EXERCISE DATA.
########################################
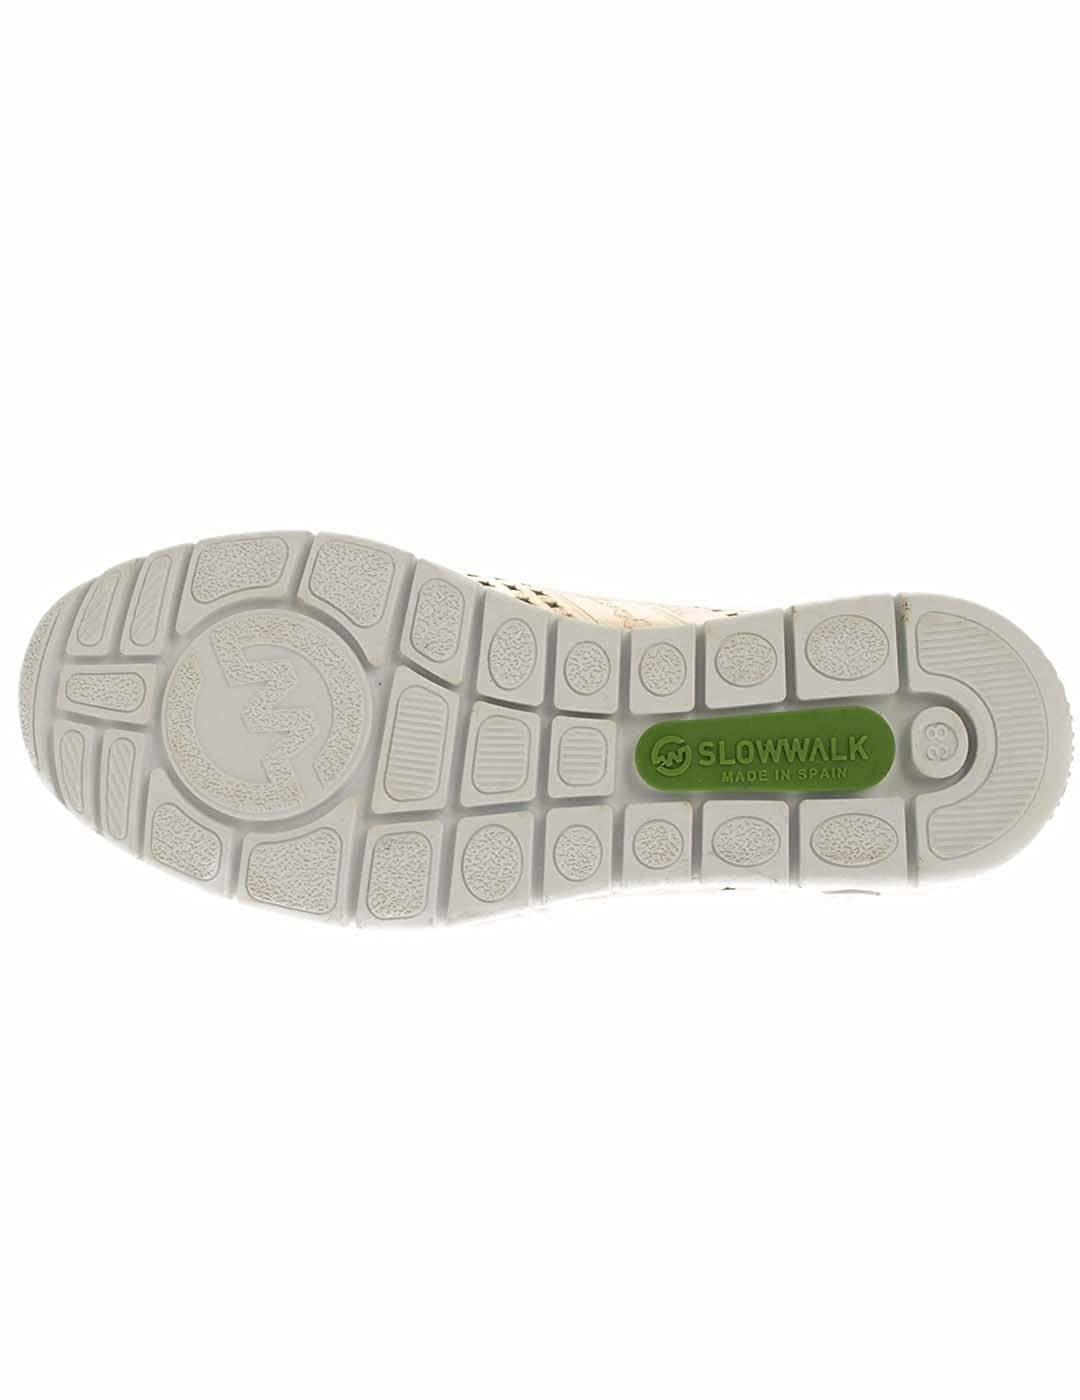 Metalizado Y Slowwalk Mujer Morvi Zapatillas OroAmazon esZapatos kwN80OPnXZ
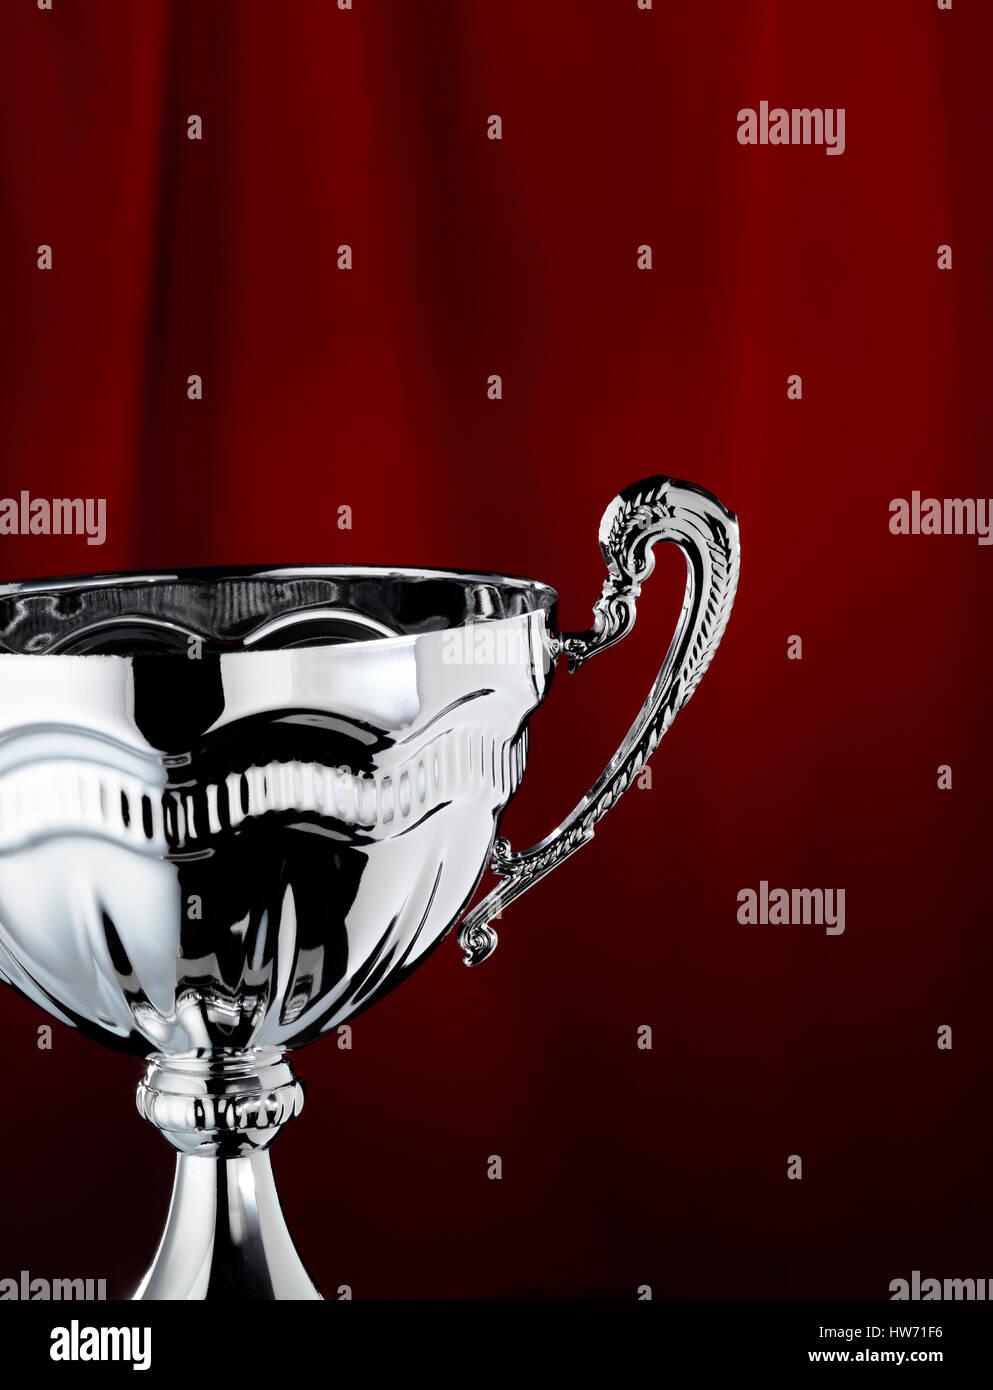 Trophée avec un rideau rouge contexte Photo Stock
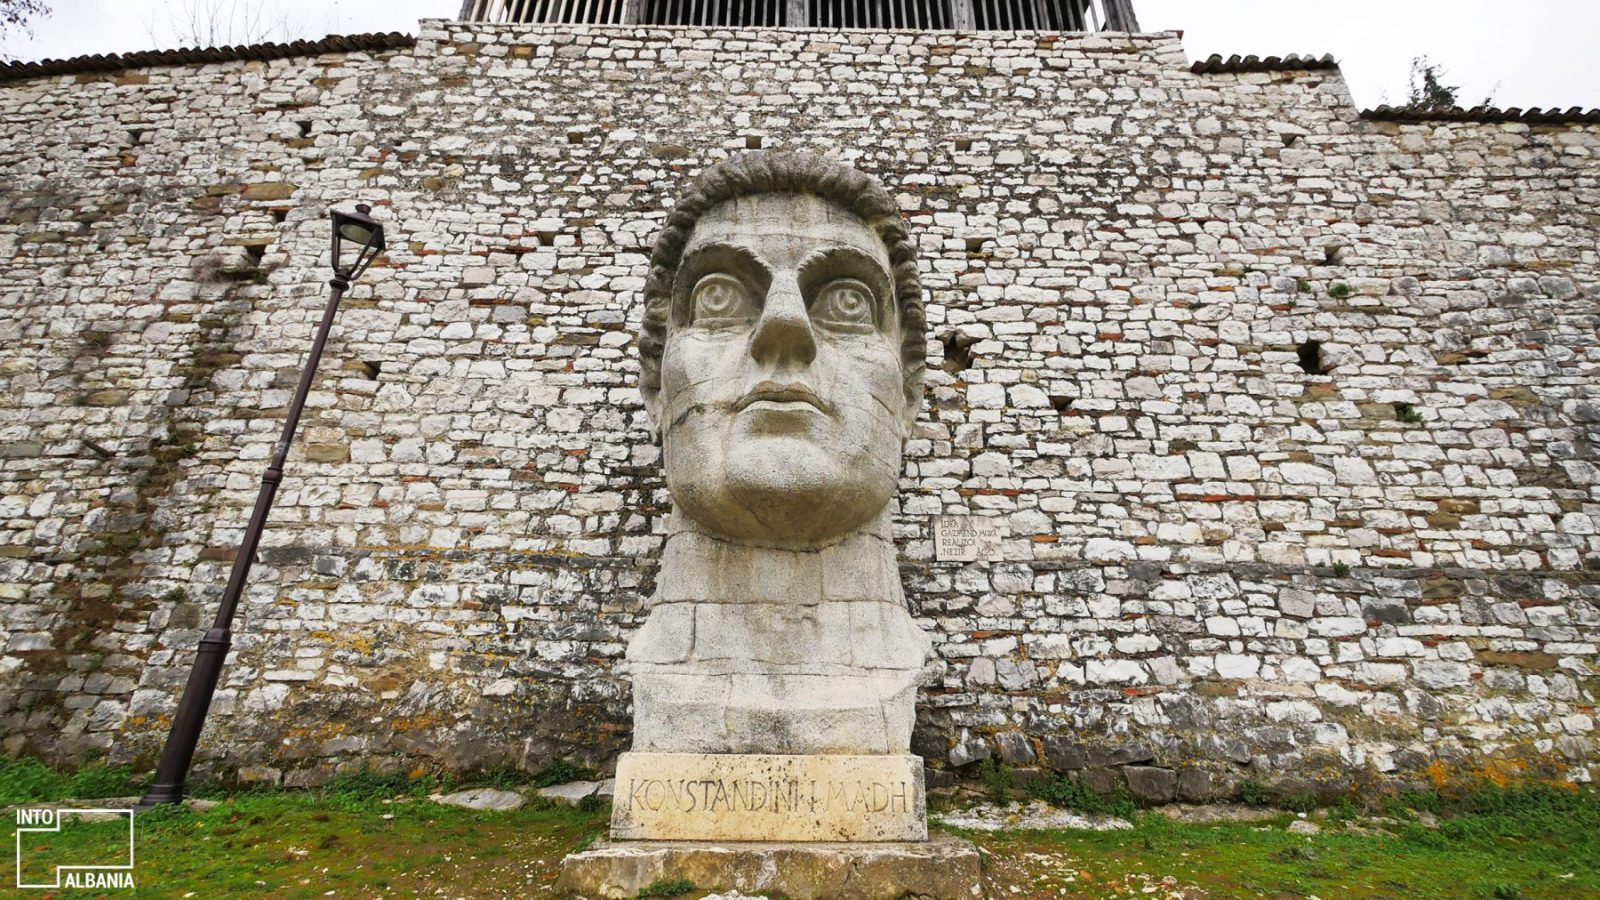 Costantine Statue Berat in tour of Berat
########################################
TASK GOAL. Output the listing above exactly, but leave its pictures behind.

RESPONSE TO THE TASK.
 Metalizado Y Slowwalk Mujer Morvi Zapatillas OroAmazon esZapatos kwN80OPnXZ
 Trophée avec un rideau rouge contexte Photo Stock
 Costantine Statue Berat in tour of Berat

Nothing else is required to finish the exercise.